Malgré ce ravalement de façade, le DS a eu du mal à se débarrasser de sa matrice néo-nazie, ses premières années ont été marquées par un intense activisme de rue. Une étude menée par Stieg Larsson et Mikael Ekman pour la Fondation Expo en 2001 s'est penchée sur la violence pratiquée par les membres du DS entre 1988 et 1998. Le résultat de l'enquête a démontré que ce parti était, et de loin, l'organisation politique en Suède la plus encline à la criminalité. Un recensement des condamations a établi que, sur un total de 311 candidats du DS aux élections, pas moins de 72 (23,2%) avaient un casier judiciaire pour un total de 250 à 500 crimes. Parmi les 84 membres de la direction du DS, 17 personnes (20,2%) ont été condamnés au moins 40 fois! (3)

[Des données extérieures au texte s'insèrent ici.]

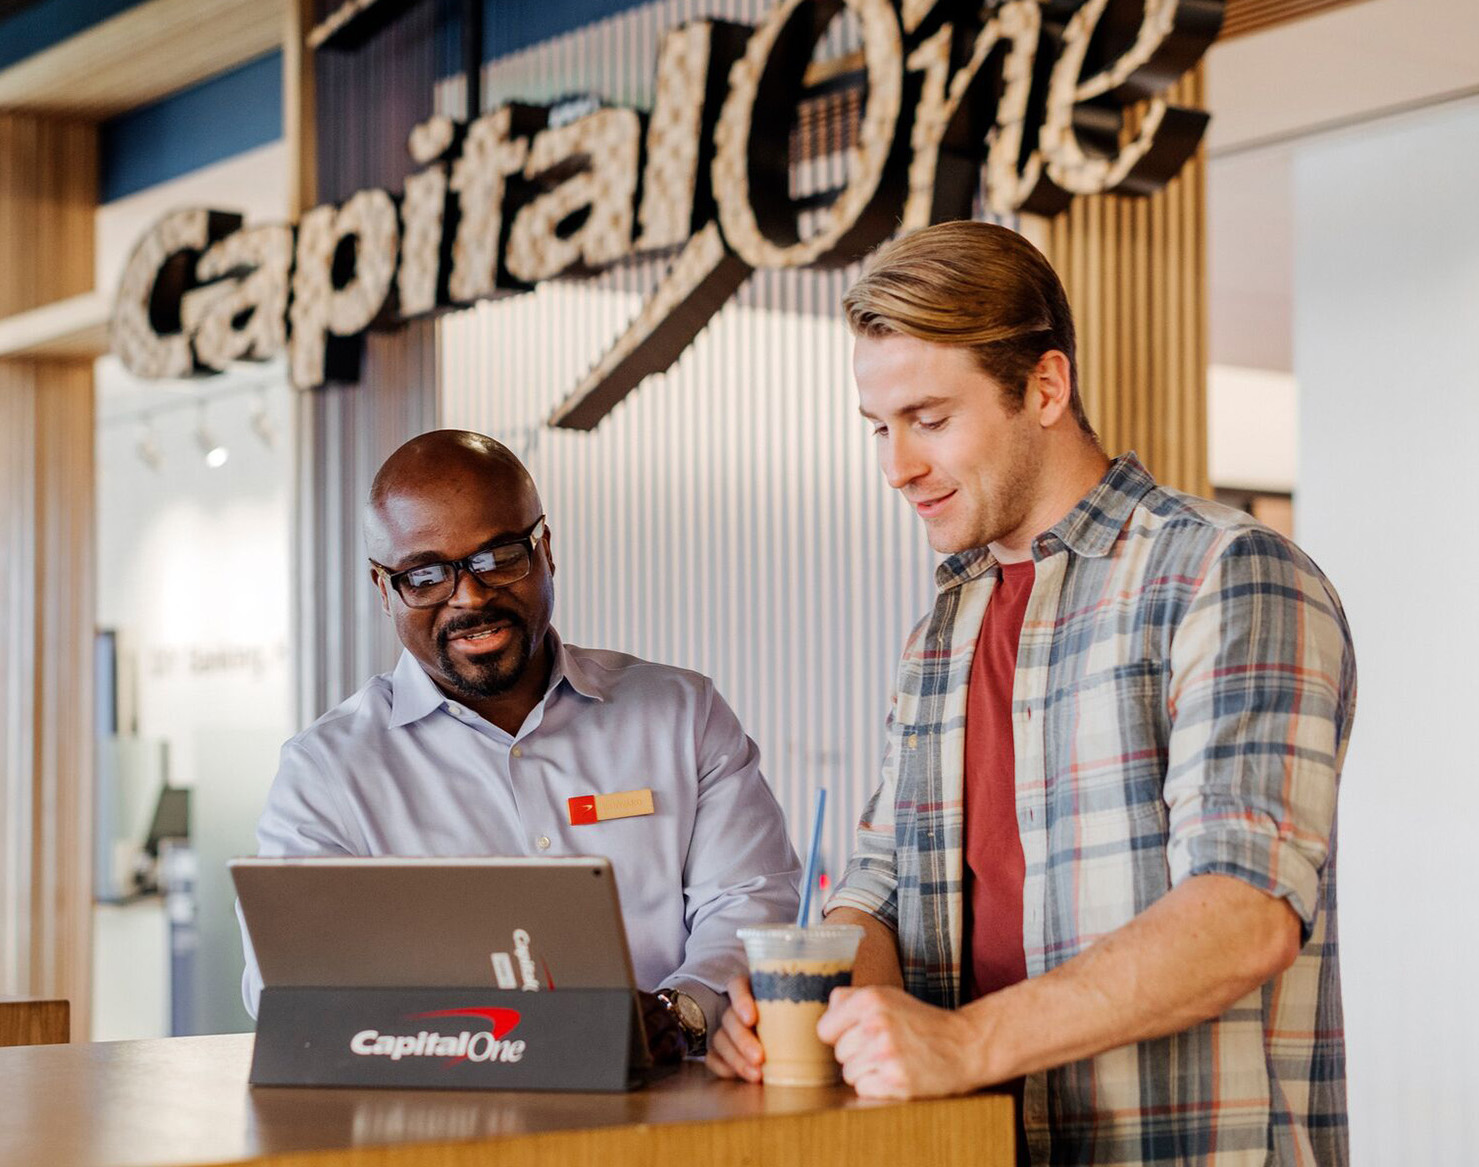 A Capital One Cafe Ambassador helps a customer
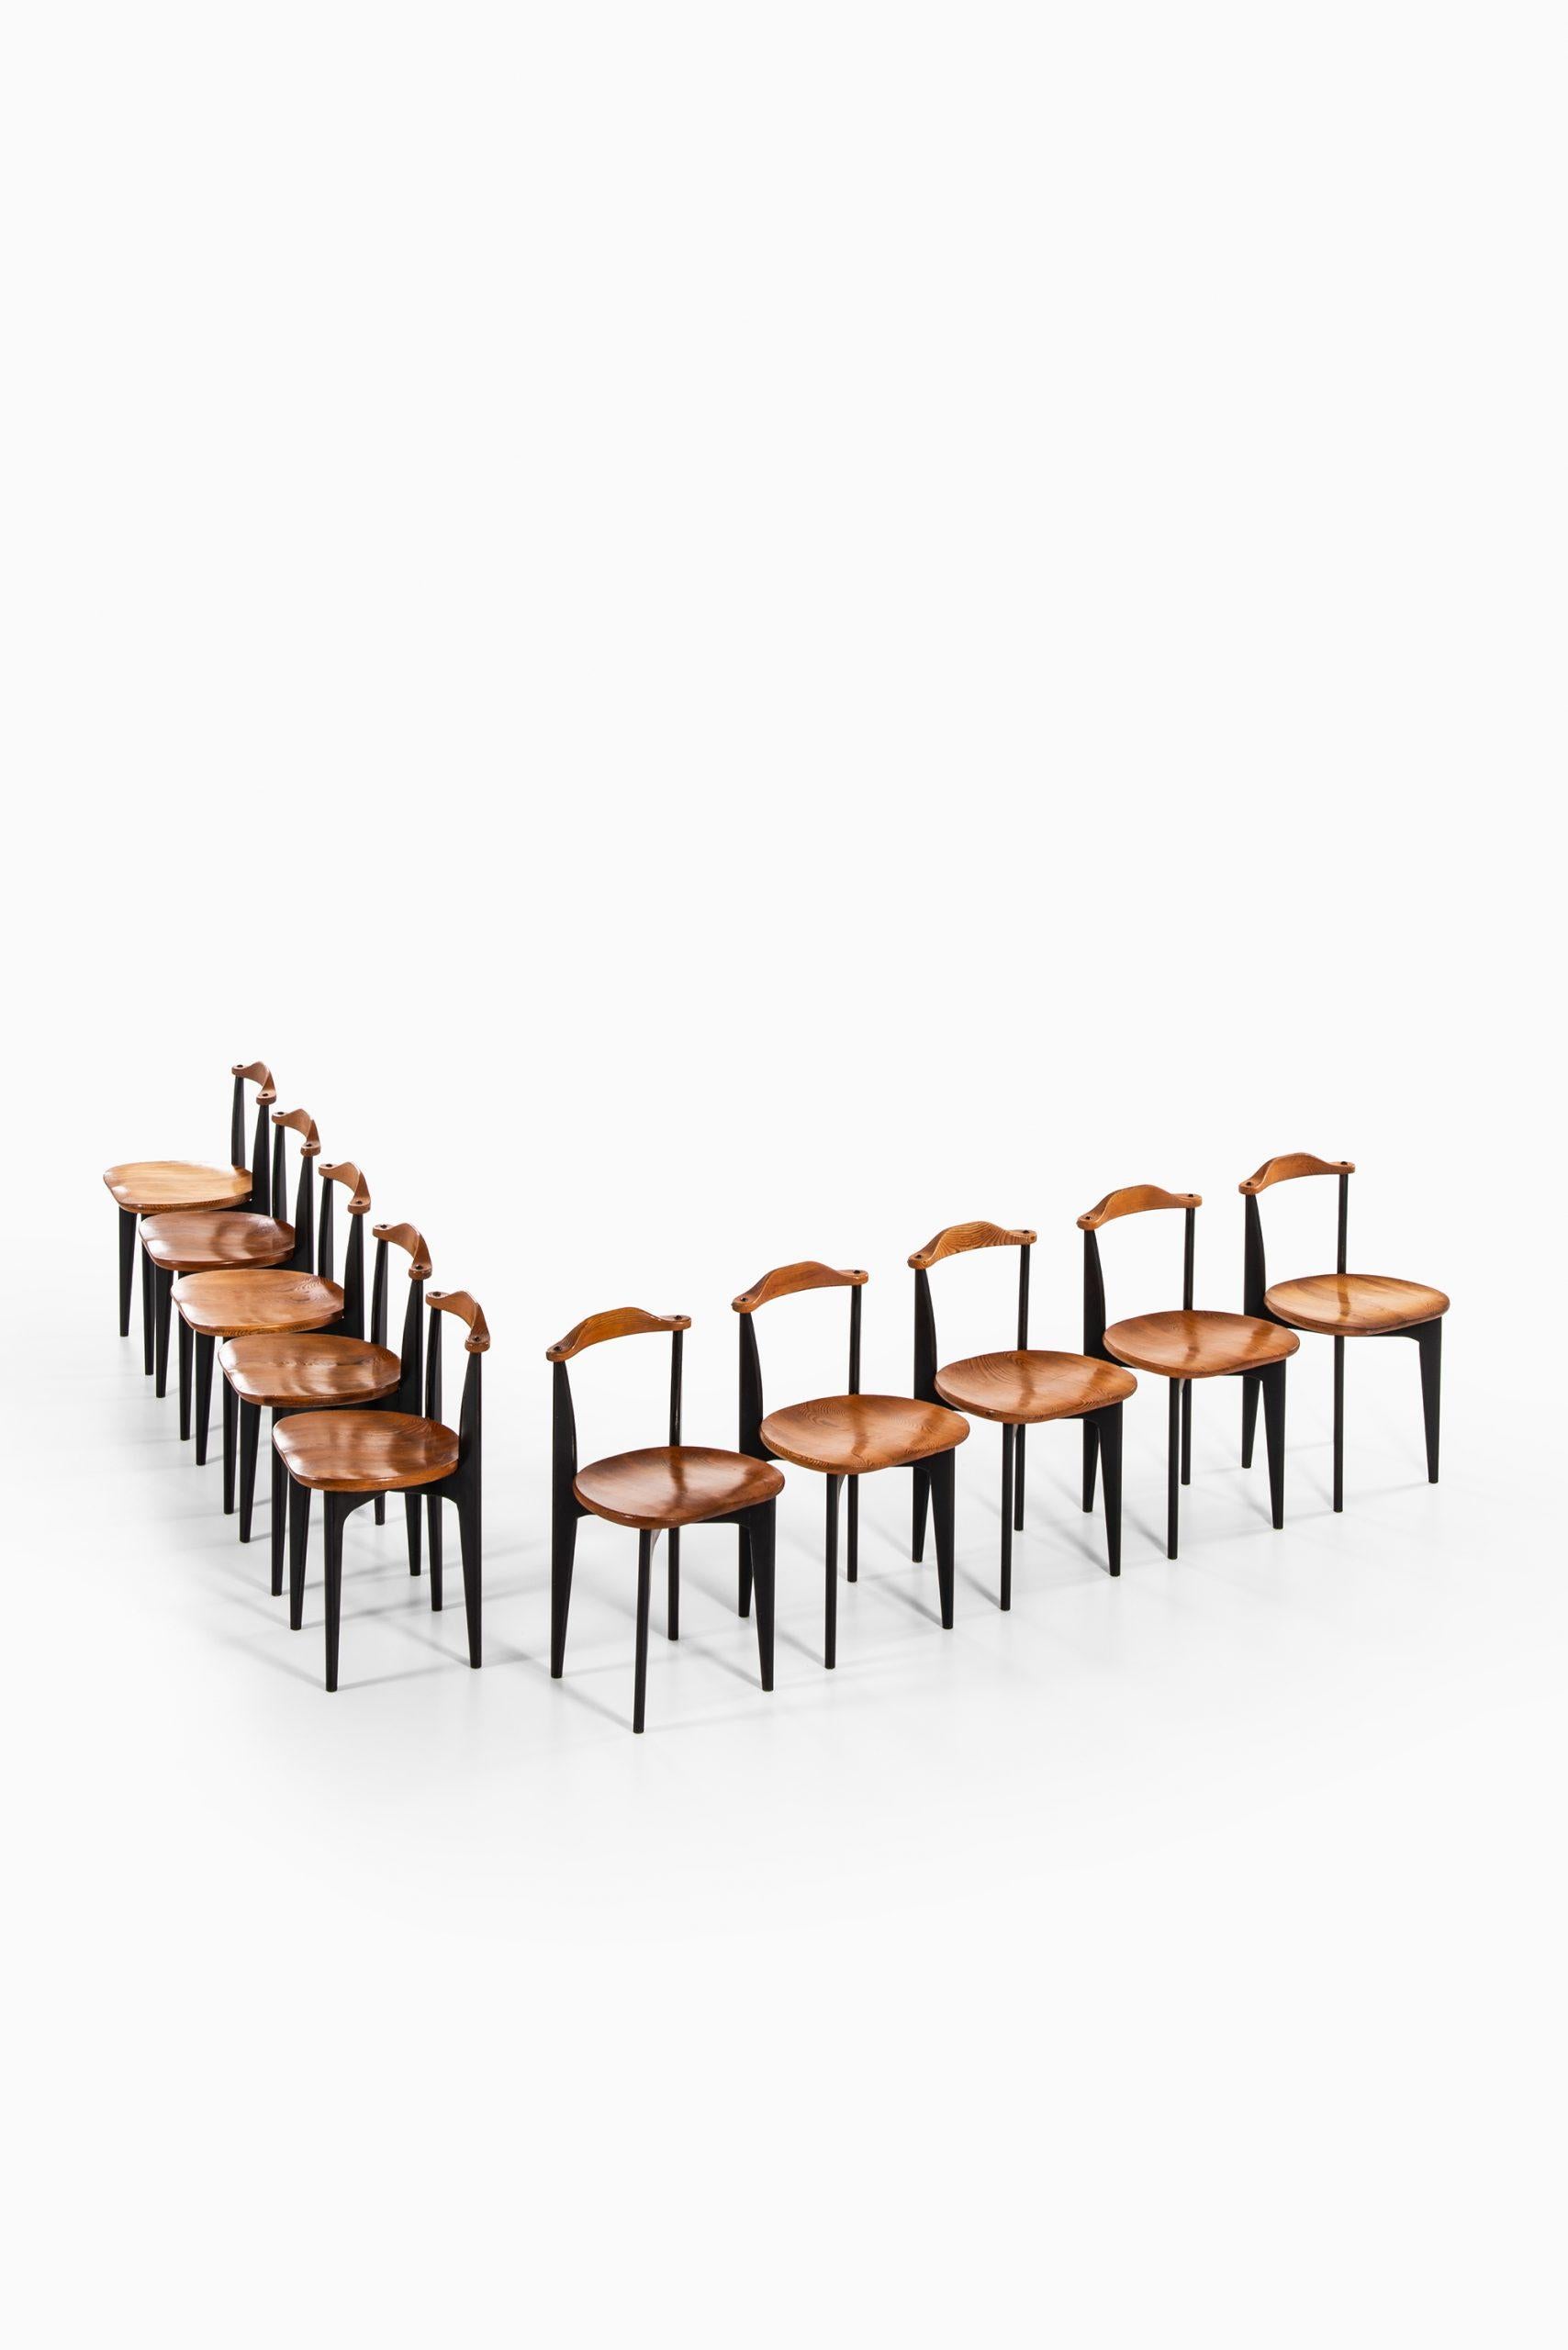 Seltener Satz von 10 Esszimmerstühlen Modell Thema entworfen von Yngve Ekström. Produziert von Swedese in Schweden.

Dix ans après sa fondation, en 1998, le DS ne représentait toujours qu'une force politiquement marginale. Mais, dans son « fief » du sud conservateur et rural de Suède, où il disposait de quelques conseillers, son jeune leader Jimmie Akesson commenca une profonde restructuration du parti en se coupant de ses racines néo-nazie par l'expulsion de nombreux militants de son aile la plus radicale. Le parti adopte pleinement le discours de la nouvelle droite radicale, tout particulièrement celle du Danemark et de la Norvège. A partir de ce moment, l'axe central de son discours a été l'utilisation populiste de la « menace islamique », allant jusqu'à affirmer que l'Islam est la pire menace pour la Suède depuis la Seconde guerre mondiale, ou encore que les « Musulmans sont la pire menace pour notre pays aujourd'hui » (4)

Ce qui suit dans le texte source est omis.